→ **Dataset section**
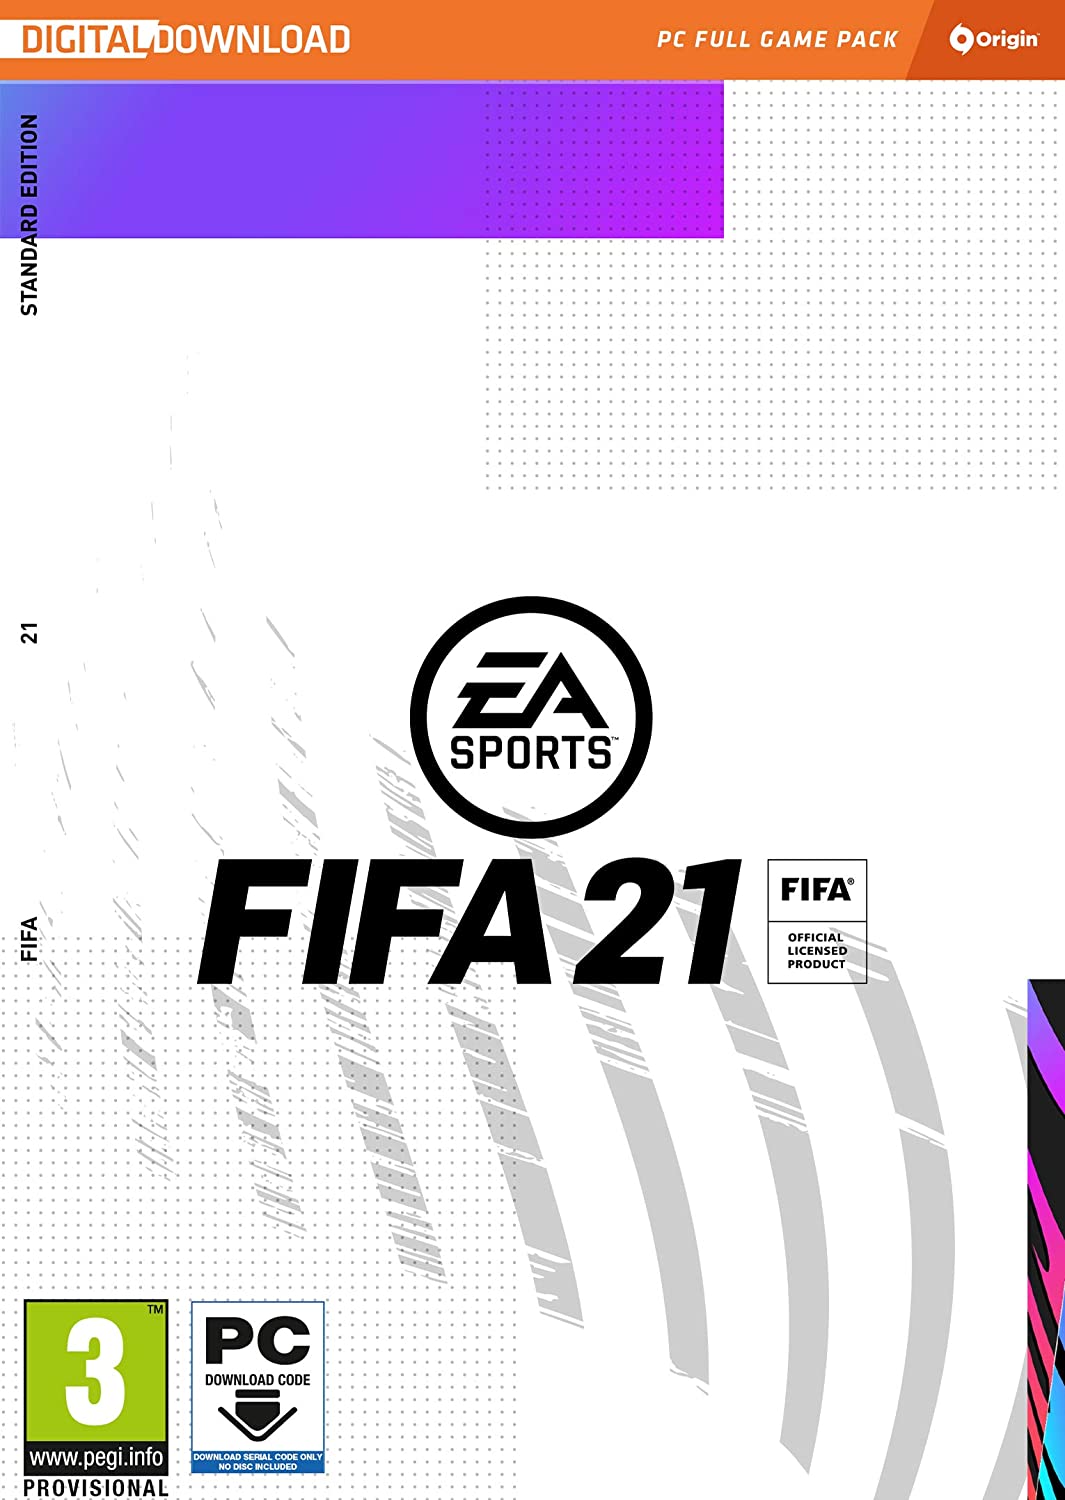 How to View/Find Fifa 23 product key/CD key activations on Steam
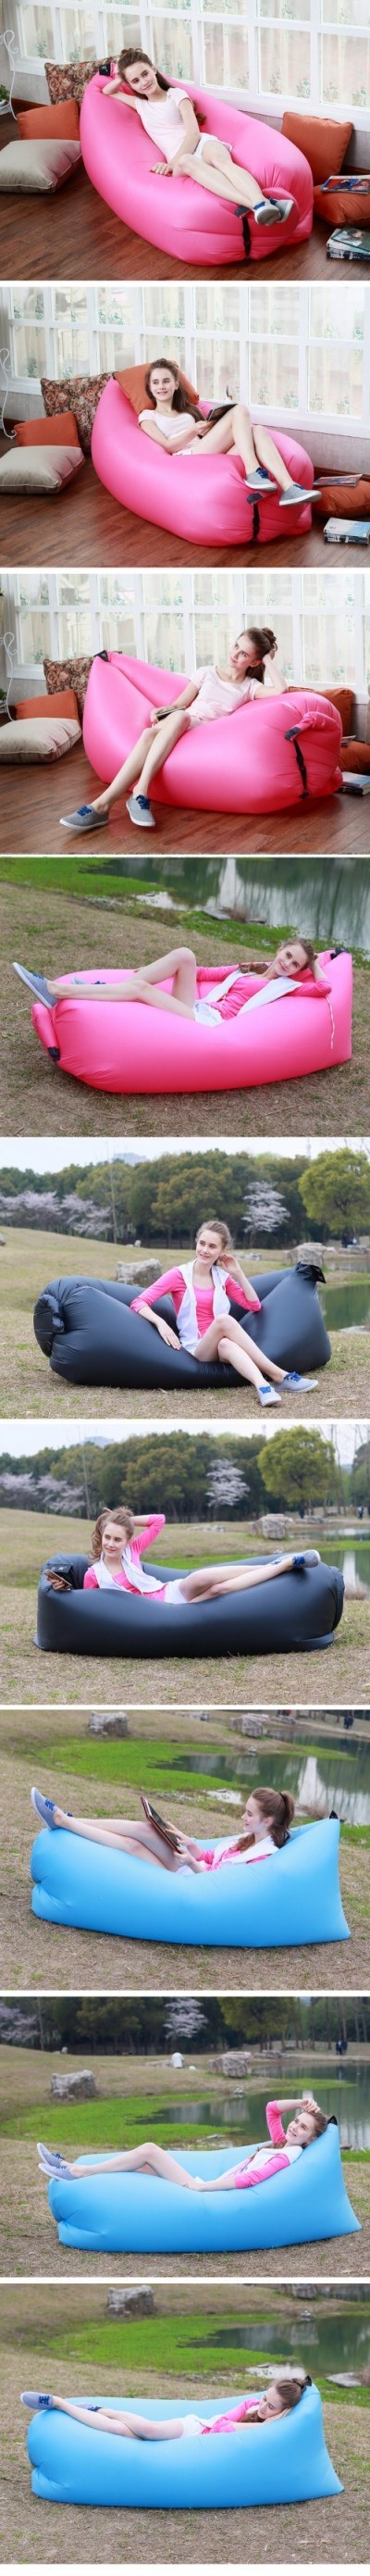 Finego Air Camping Outdoor Inflatable Portable Multifunctional Travel Bed Lounge Sofa
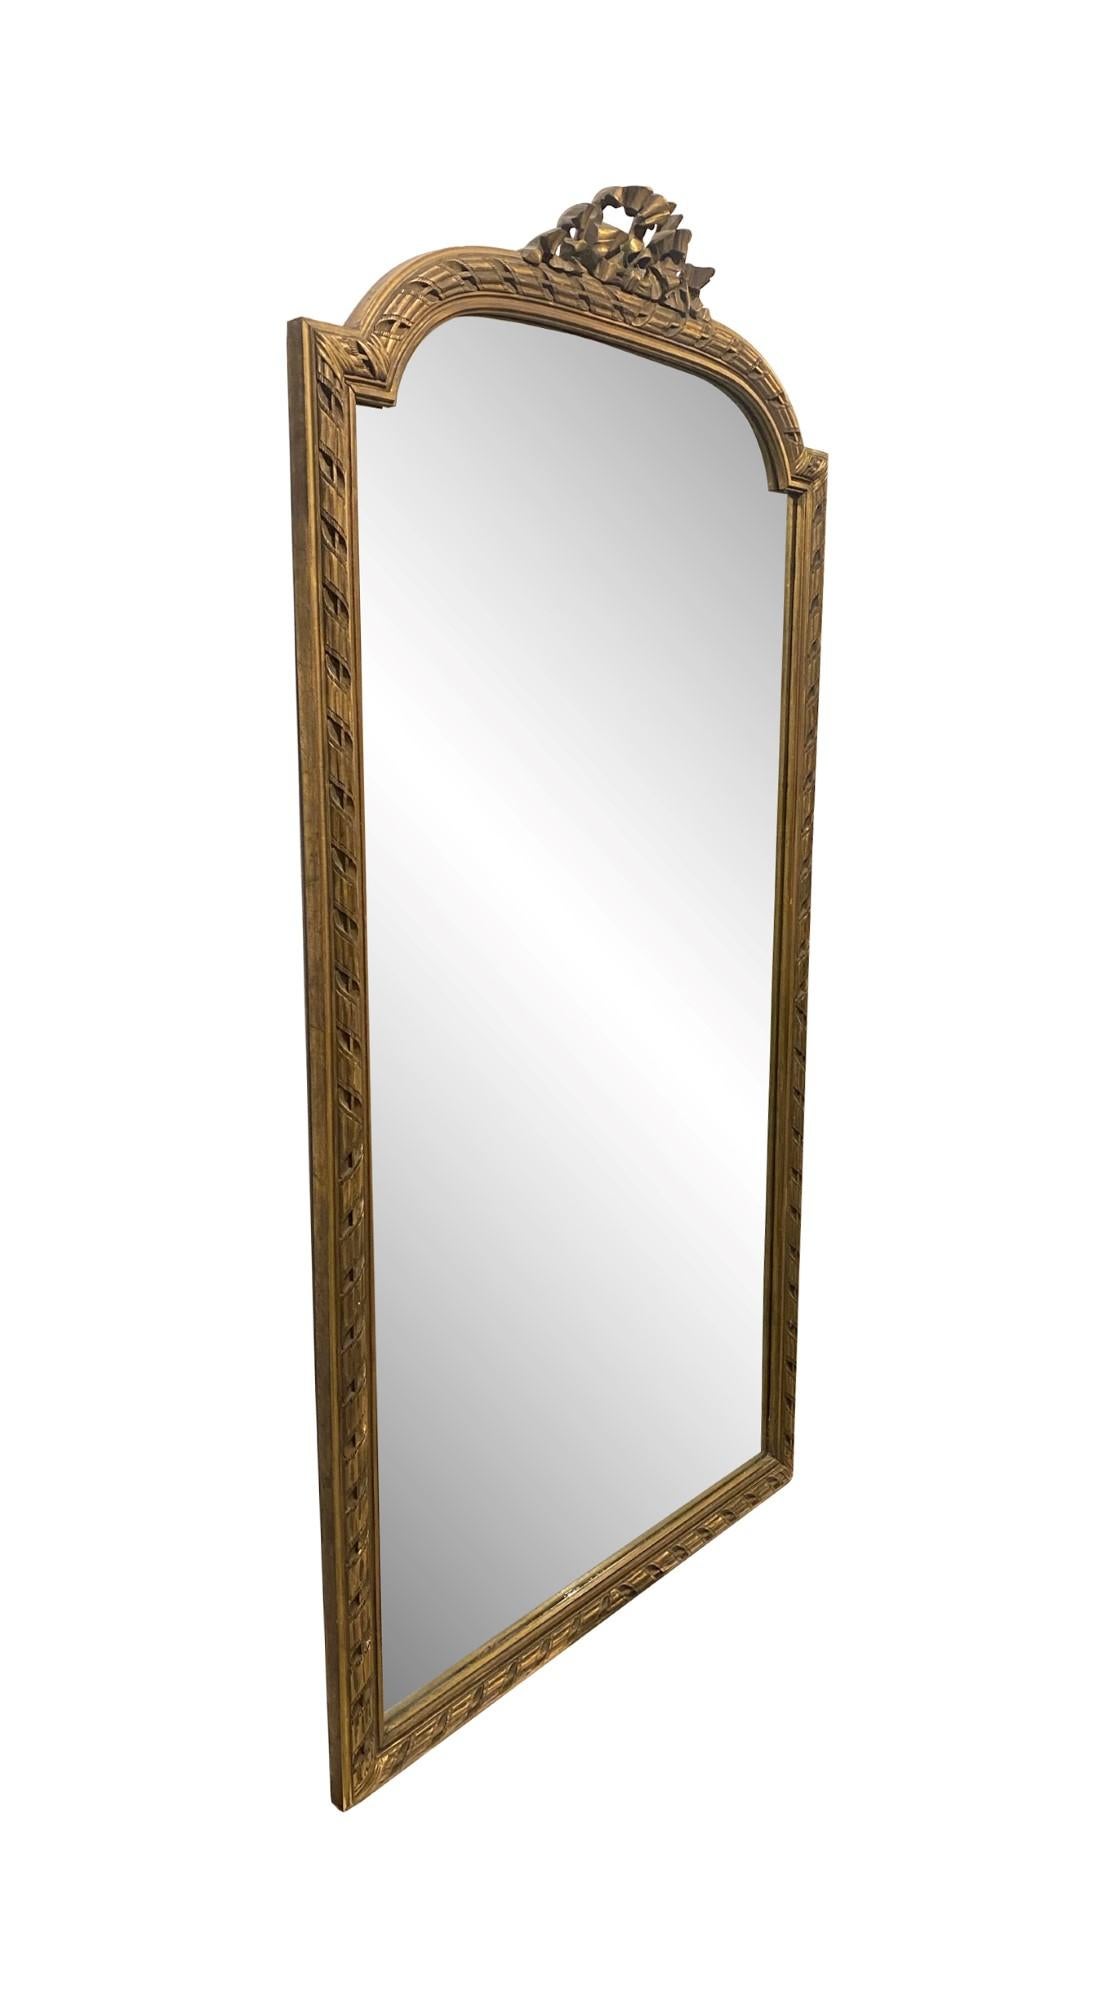 Early 20th C. Gilted Wood Mirror Louis XVI Style from France, Over Mantel 3

→ **What to work on**
Each line from the one holding "Finego Air Camping" through the final line of the data needs to be transcribed exactly. Include both ends, skip the pictures, and add nothing.

→ **Solution to this task**
 Finego Air Camping Outdoor Inflatable Portable Multifunctional Travel Bed Lounge Sofa
 Early 20th C. Gilted Wood Mirror Louis XVI Style from France, Over Mantel 3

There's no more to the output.